Eighty percent (that’s 80%) of high school juniors in California "are not ready for college English." "The scores reveal what I’ve been saying all along," said Jack O’Connell, state superintendent of public instruction. "We must make our high schools more rigorous if we want our students to be prepared."

Discussions - 2 Comments

I am shocked but not surprised. The educational establishment in English is generally pretty horrible. Of course, my own field of history and politics fares little better. Here are the likely suspects:

1. Students often simply do not read great books. Rather, they read unchallenging pablum that passes for young adult "literature" or modern fiction. Students often spend a lot of wasted time on articles about teacher’s political biases on multiculturalism, race, or pro-choice than meaningful works. To wit, a teacher at my school recently watched Monty Python’s Holy Grail in one class and read about anti-abortion fanatics in a mythology class.
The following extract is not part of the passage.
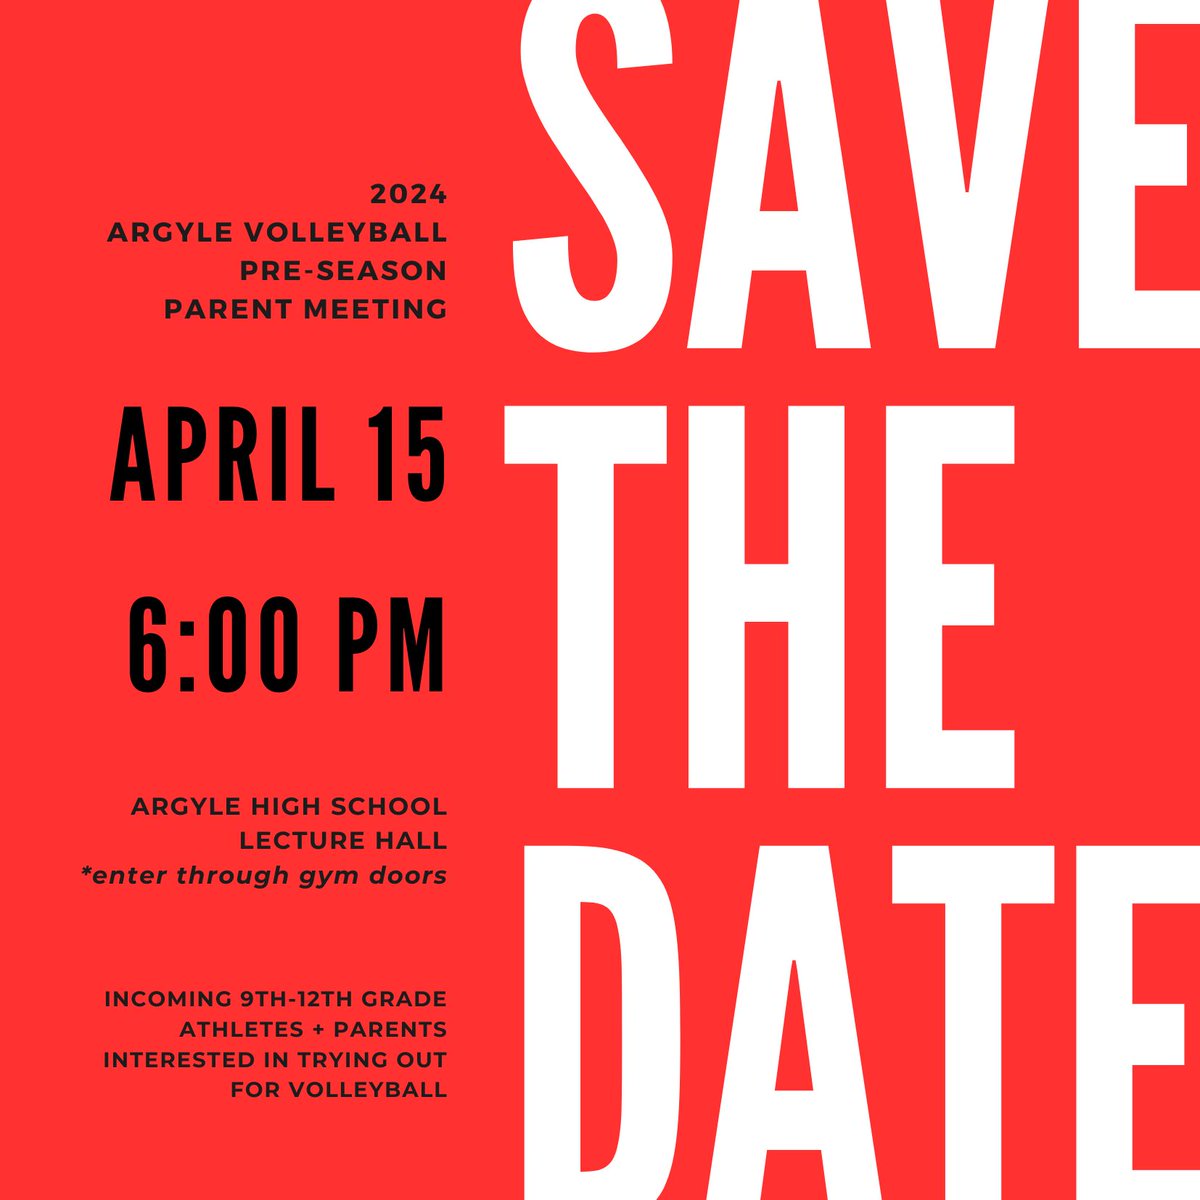 Interested in trying out for Argyle Volleyball? 👀 Make plans to attend our pre-season athlete & parent meeting on Monday, April 15th! We will go over the 2024 Summer Calendar, Tryouts, Season Schedule, Volunteer Opportunities, Gear and MORE! ❤️🖤 Details ⬇️

The Inferno or classic mythology might have served them better. Reading poor books or no books at all will not promote critical thought or teach students the beauty of language.

2. There is little rigor in the expectations for writing. Students are assigned to write diaries or "creative" essays with little regard for proper sentence structure or grammar. Opinion trumps judgment, relativism trumps truth, and feelings trump thoughts on difficult questions.

3. Students rarely get meaningful feedback correcting grammar and logical thought. My students in history have their papers thoroughly marked up until they get it right. Meanwhile, down the hall, they are receiving 99% on every English assignment with the only red marks smiley faces.

This is obviously not the case for every English teacher and every school. But, it is true of my "rigorous," "college-preparatory" school. I can only imagine what it is like for lesser schools. The statistics don’t lie. And, this will probably get worse before it gets better unless radical changes are implemented.

As a math instructor in a public university, I find language skills to be a massive barrier for my students. It seems they are nothing more than to read easy fiction and to express their emotions using a word processor. What is missing is the ability and self-discipline to read a simple paragraph and to understand precisely what it means. They are unable to put instructions about a subject they are familiar with into clear simple English that someone else could understand.

This comes, I think, from the supression of formal instruction in grammar and an obsession among high school English teachers with self-expression as the goal of writing.